** Opening DATA EXCERPT block **

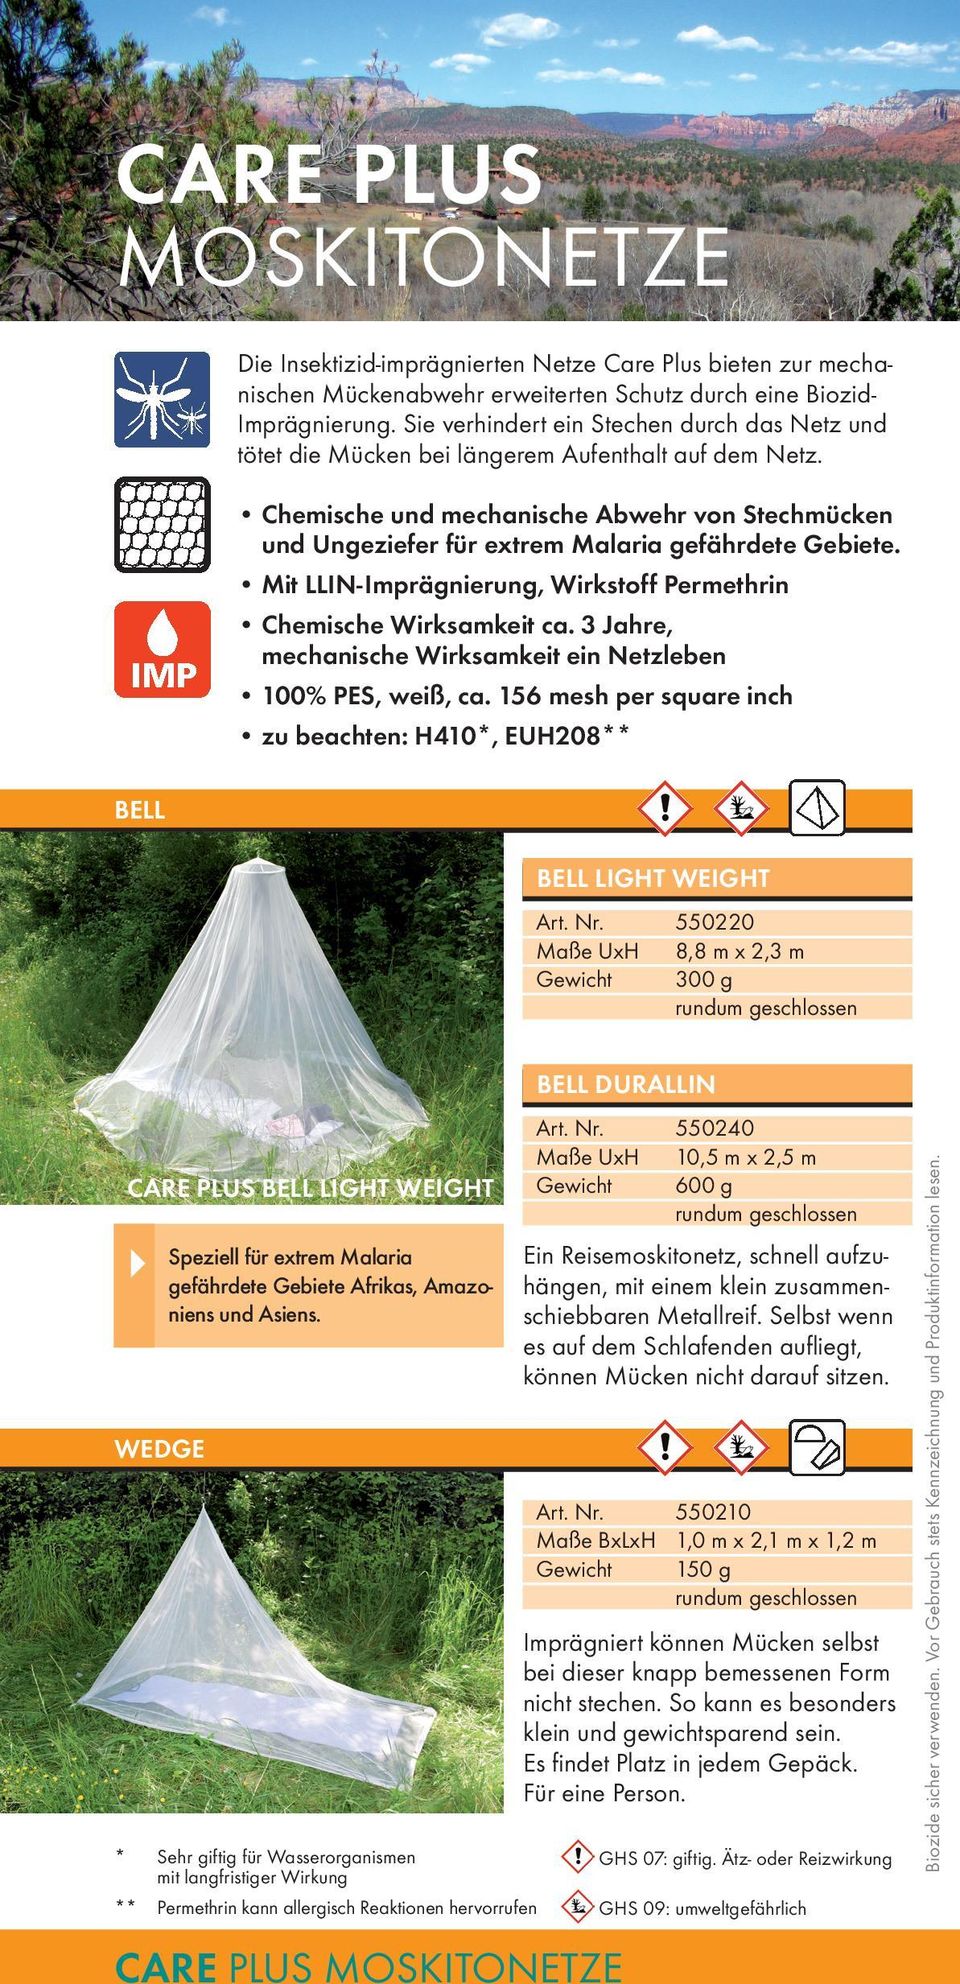 Chemische und mechanische Abwehr von Stechmücken und Ungeziefer für extrem Malaria gefährdete Gebiete. Mit LLIN-Imprägnierung, Wirkstoff Permethrin Chemische Wirksamkeit ca.
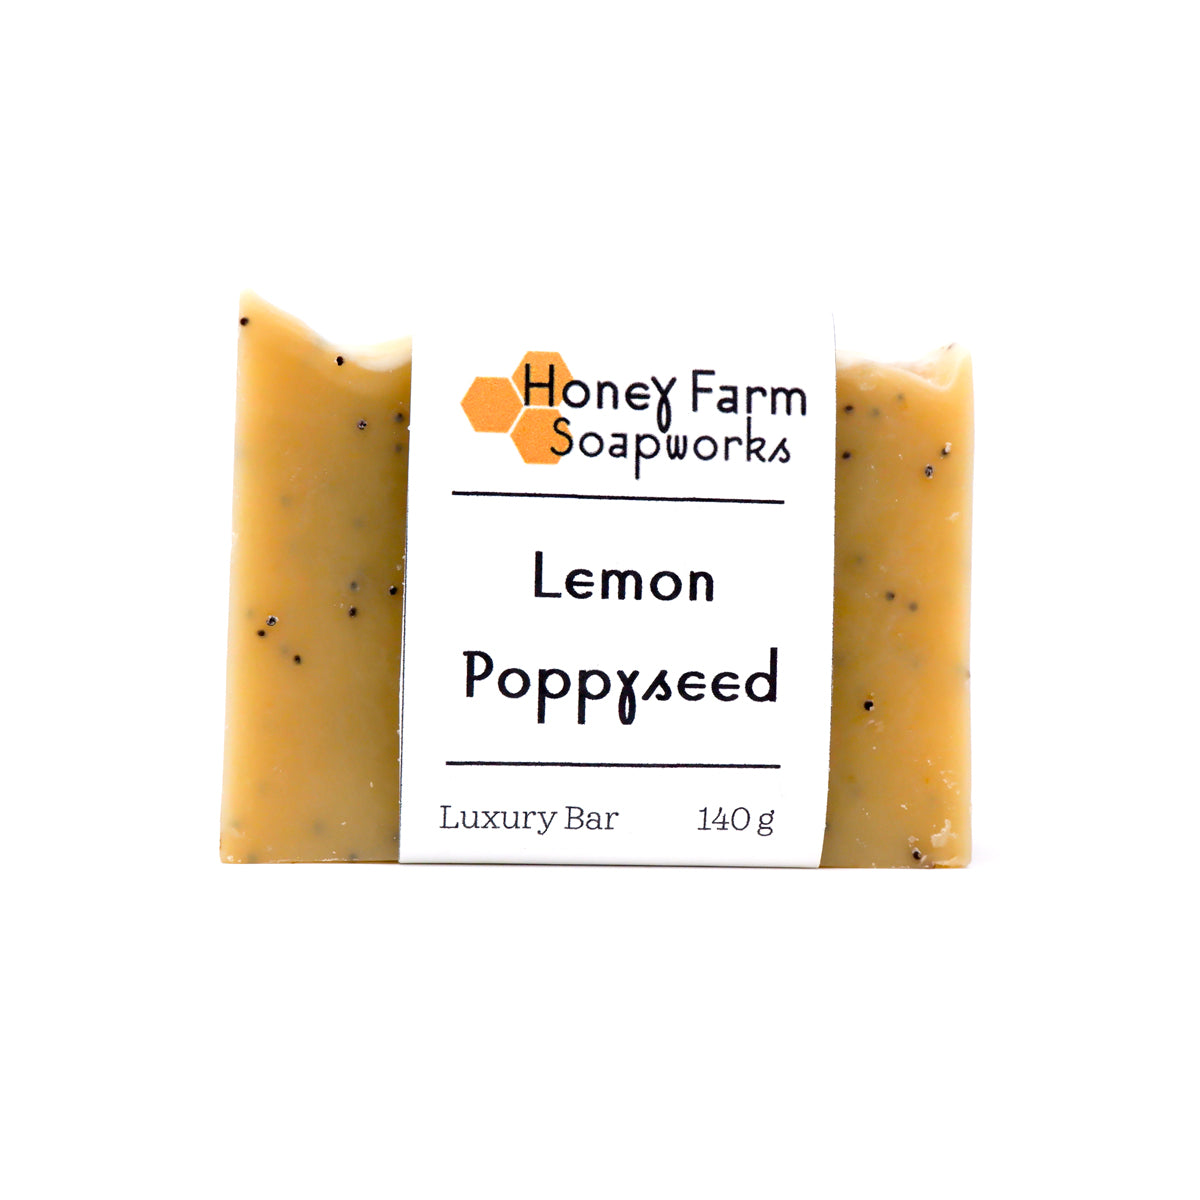 Lemon Poppyseed Soap Bar
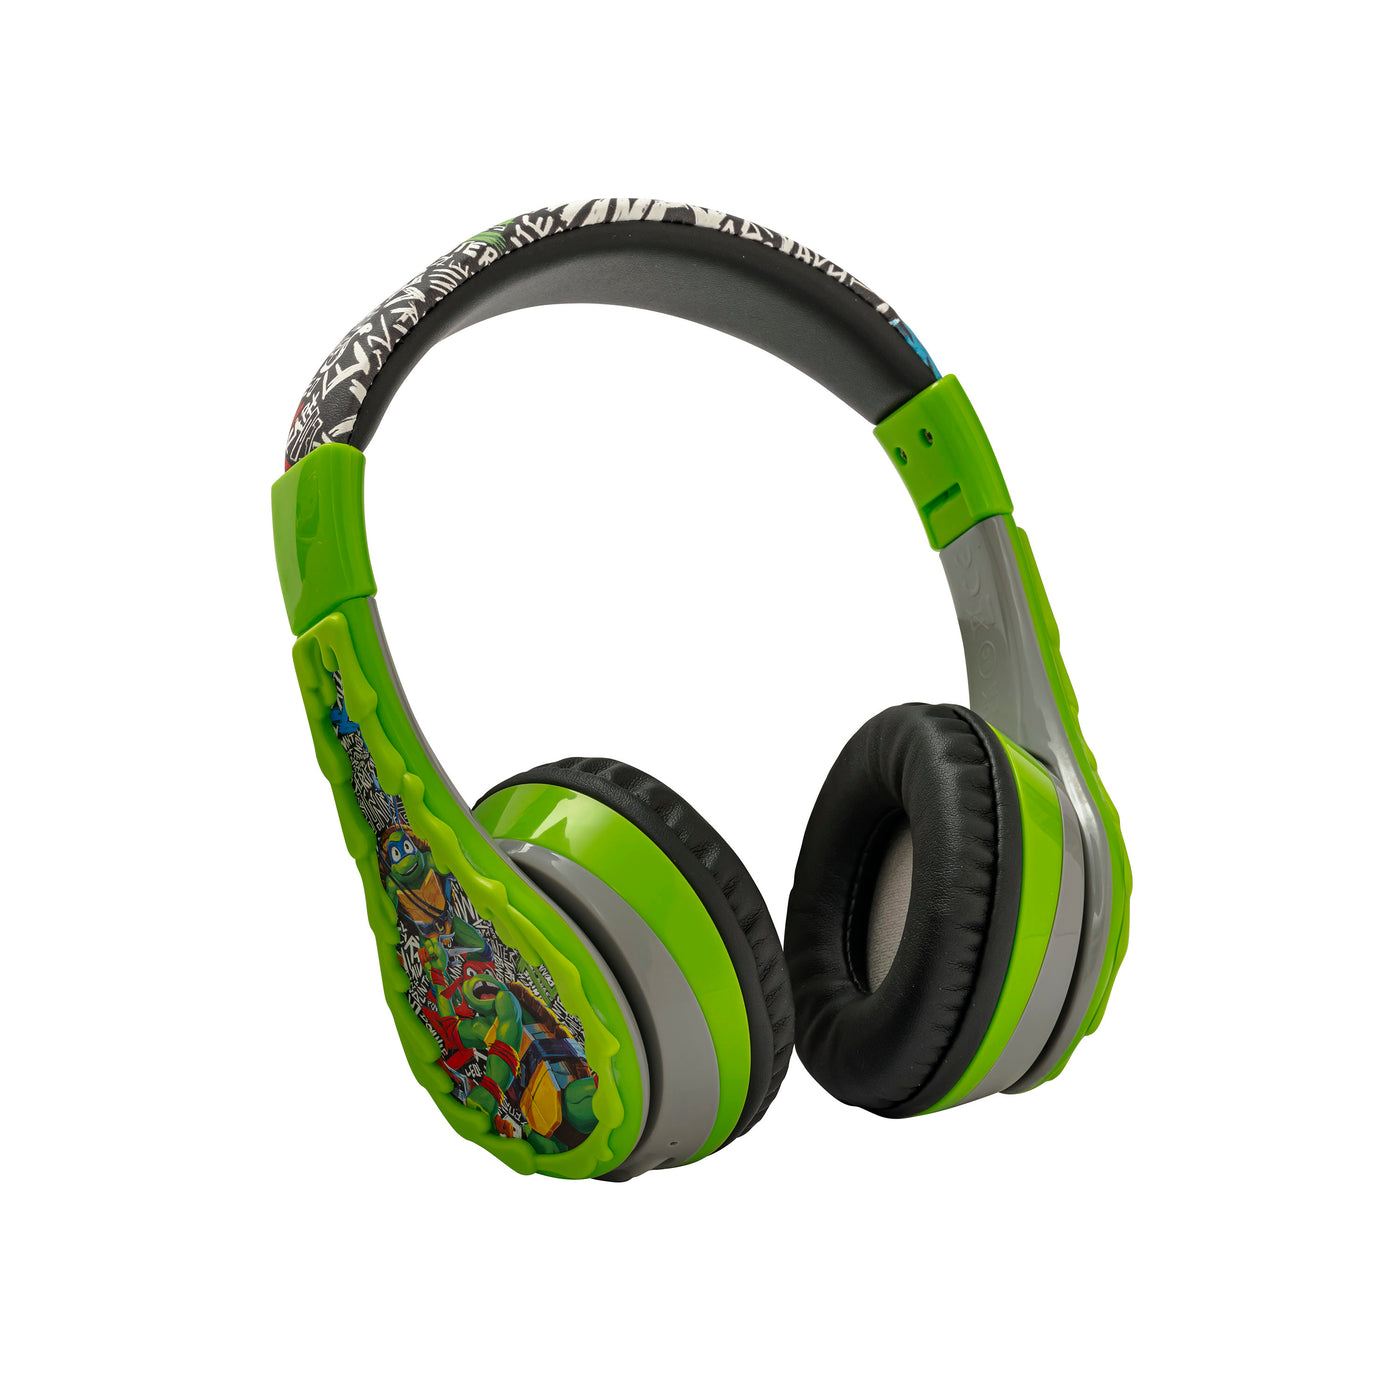 Teenage Mutant Ninja Turtles Wireless Headphones for Kids

** Closing DATA EXCERPT block **

» **YOUR GOAL**
Every line above has to be output exactly; the pictures must be dropped.

» **SOLUTION FOR THIS TASK**
 Chemische und mechanische Abwehr von Stechmücken und Ungeziefer für extrem Malaria gefährdete Gebiete. Mit LLIN-Imprägnierung, Wirkstoff Permethrin Chemische Wirksamkeit ca.
 Lemon Poppyseed Soap Bar
 Teenage Mutant Ninja Turtles Wireless Headphones for Kids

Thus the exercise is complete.